We recorded the mean difference between baseline and follow-up measures for control and intervention groups and the standard error of each difference. If the standard error of the difference for each group was not given, it was estimated from the standard error of the groups at baseline, assuming a correlation between baseline and follow-up of 0.75. If data were presented only in graphs, point estimates were determined from published graphs. Pooled effects of the randomized controlled trials were determined with each study weighted by the inverse of the study variance, using a random effects model with the DerSimonian and Laird formula for calculating between-study variance.32 The R statistical environment and Review Manager (RevMan) was used for the meta-analysis.

An adjusted indirect comparison was performed for the outcome of A1c by combining the results of the meta-analysis comparing pioglitazone to placebo with the results of the meta-analysis comparing rosiglitazone with placebo. The variance of the estimate of effect was estimated as the sum of the variances of the 2 meta-analyses being pooled.33

Heterogeneity between trial results was tested for using a standard chi-squared test using a significance level of alpha=0.1, in view of the low power of such tests.31 We also examined inconsistency among studies with I2, which describes the percentage of the variability in effect estimates that is due to heterogeneity rather than sampling error (that is, chance).34 A value >50% may be considered substantial heterogeneity.

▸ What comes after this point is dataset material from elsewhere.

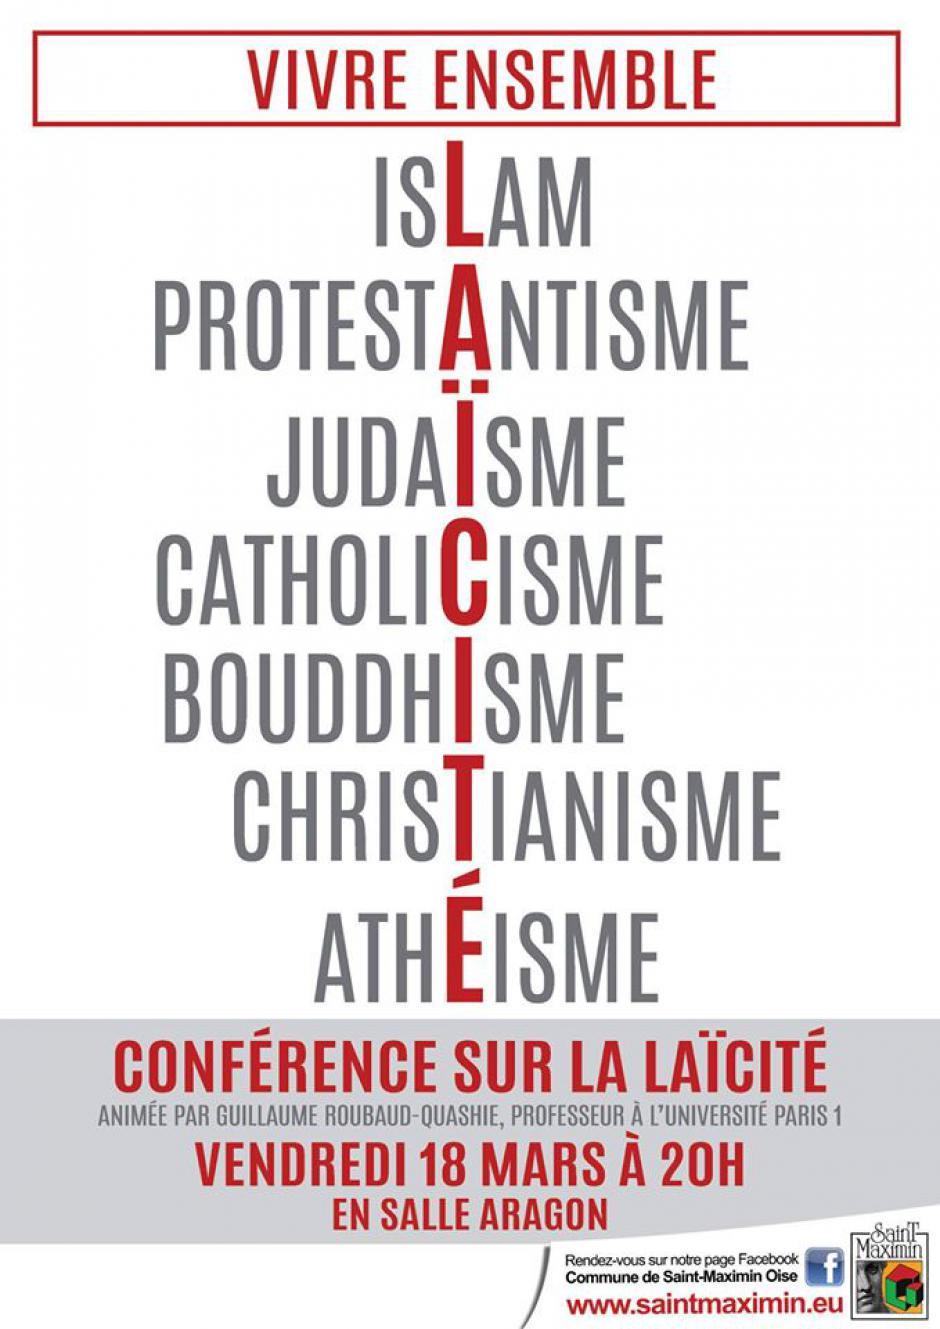 18 mars, Saint-Maximin - La laïcité, outil d'émancipation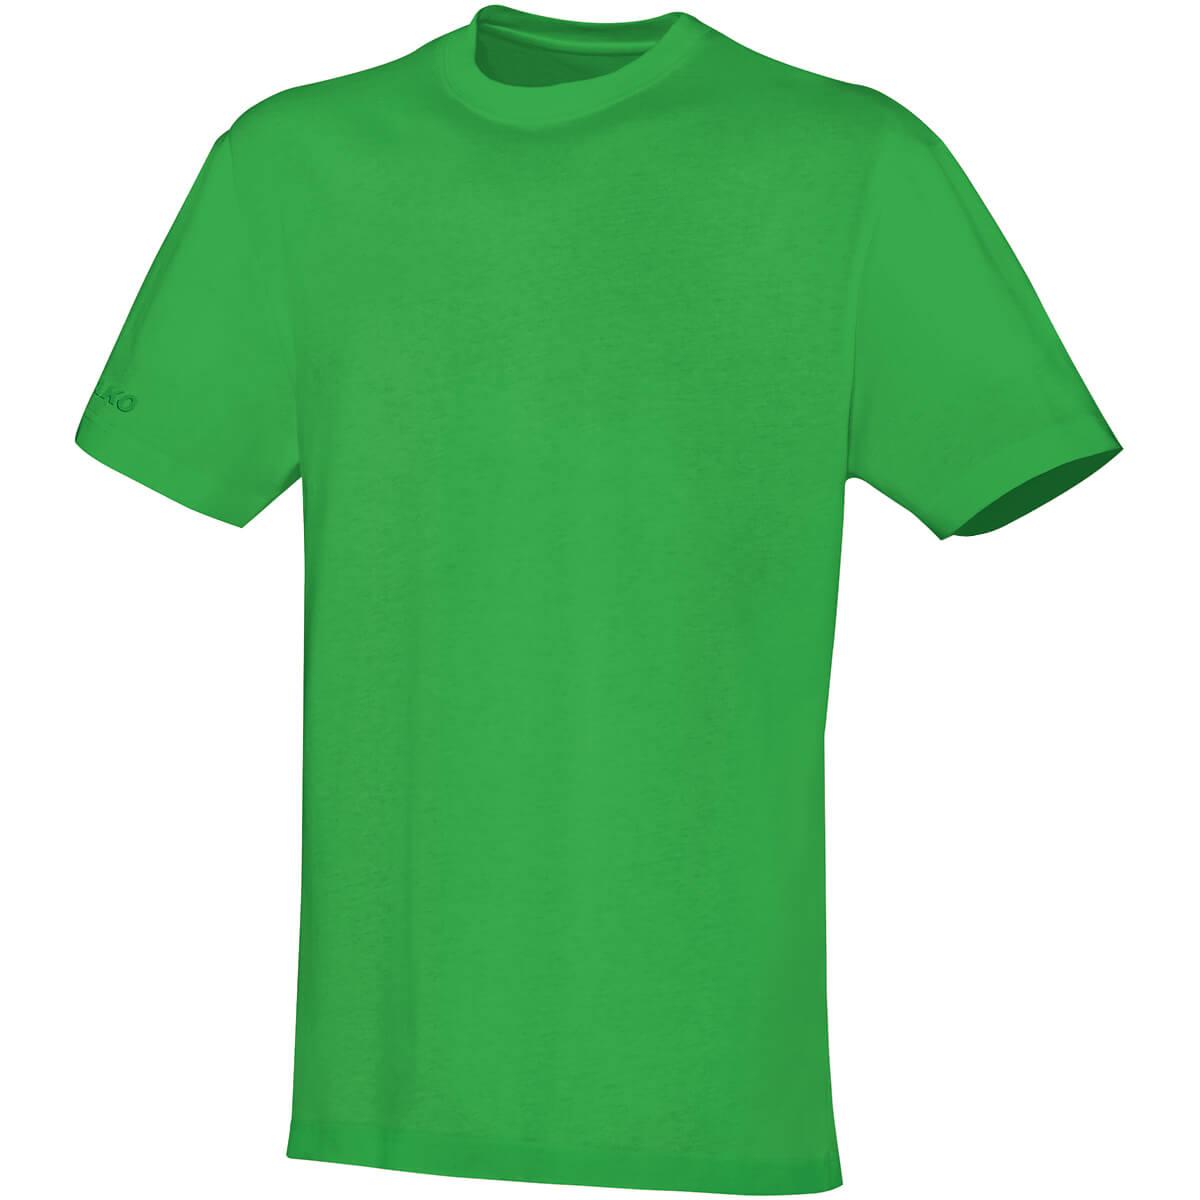 Jako T-Shirt Team Herren 6133  | div. Größen / Farben

If heterogeneity was found, we attempted to determine potential sources by examining individual study characteristics. If heterogeneity was too great to meaningfully pool the results in a quantitative manner, the results are presented in narrative.

In the original report (and not in the update), meta-regression was performed to determine whether the study-level characteristics duration of intervention and study sponsorship (industry or private) affected between-group change in A1c in placebo-controlled trials. For studies using a combination of a thiazolidinedione and another hypoglycemic agent, we examined the effects of insulin, metformin, and sulfonylurea on A1c. For the meta-regression we used STATA (version 9, StataCorp LP, College Station, Texas).